Restaurant information
- Established: 1940
- Location: 39, St. Mark's Road, Shanthala Nagar, Ashok Nagar, Bangalore, Karnataka, 560001, India
- Coordinates: 12°58′37″N 77°36′06″E﻿ / ﻿12.976833604849636°N 77.60158093068758°E

= Koshy's =

Restaurant in Bangalore, India

Koshy's Parade Café, popularly known as Koshy's, is a family-owned restaurant in Bangalore, India.

Jawaharlal Nehru, Queen Elizabeth II and Nikita Khruschev are among those who have dined at Koshy's.

==History==
Koshy’s started off as a bakery in 1940, set up by P.O. Koshy, a Syrian Christian from Kerala. In 1952, the restaurant was built next to the bakery. After the death of P.O. Koshy, his sons took over the establishment. Since the 1990s, third generation Koshys, Prem and Santosh, have managed the eatery.

The colonial-era restaurant has maintained its old-world decor which is a draw for its clientele. The interior consists of wooden chairs, tables, creaky fans, antique mirrors and shuttered windows.

Koshy's regulars include journalists, writers, literati and intellectuals.

Gundu Rao, erstwhile Chief Minister of Karnataka, once described Koshy's to Prem Koshy as follows.

“I have met your grandfather and father and seen you as a kid. I have travelled across the globe looking for peace and quiet and this is the only place I find it.”

Ramachandra Guha — historian, environmentalist, writer and public intellectual — has described Koshy's as follows.

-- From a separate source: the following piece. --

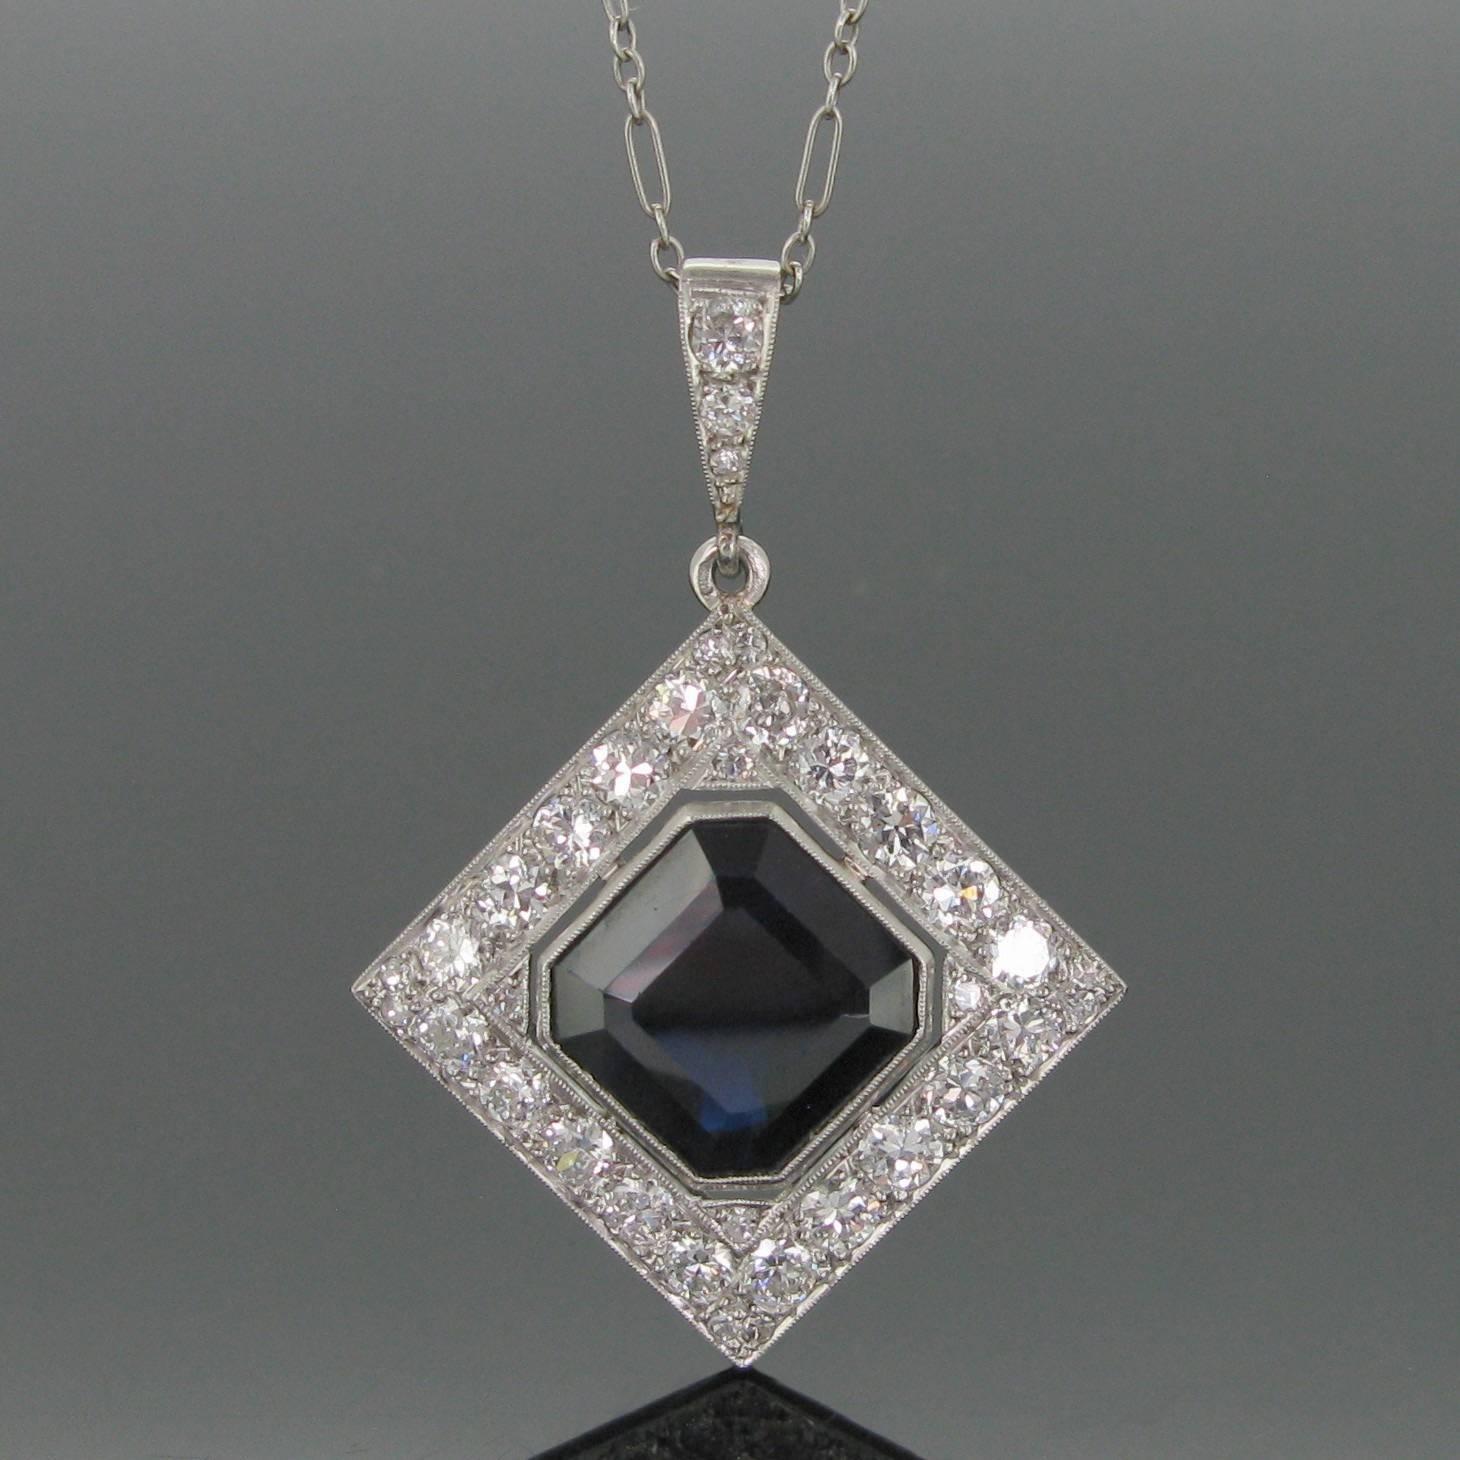 This beautiful pendant is set with a deep blue sapphire weighing approximately 8ct and framed with diamonds with an approximate total carat weight of 2ct. The bale and the clasp are also set with diamonds. The diamonds are set into a millegrain

"As one grows older one has fewer wishes and hopes for oneself. One of mine is this; that I may die before my favourite café does. I can probably (just about) live without music, cricket, and even books, but life without Parade’s is impossible to contemplate."

==Food==

Koshy’s menu has about thousand dishes. They include roast chicken, Kerala pork, fish biryani, cutlets, chicken puffs, steak, apam and stew, and potato smileys (french fries shaped like smiling faces). Koshy's also serves filter coffee and Danish pastries.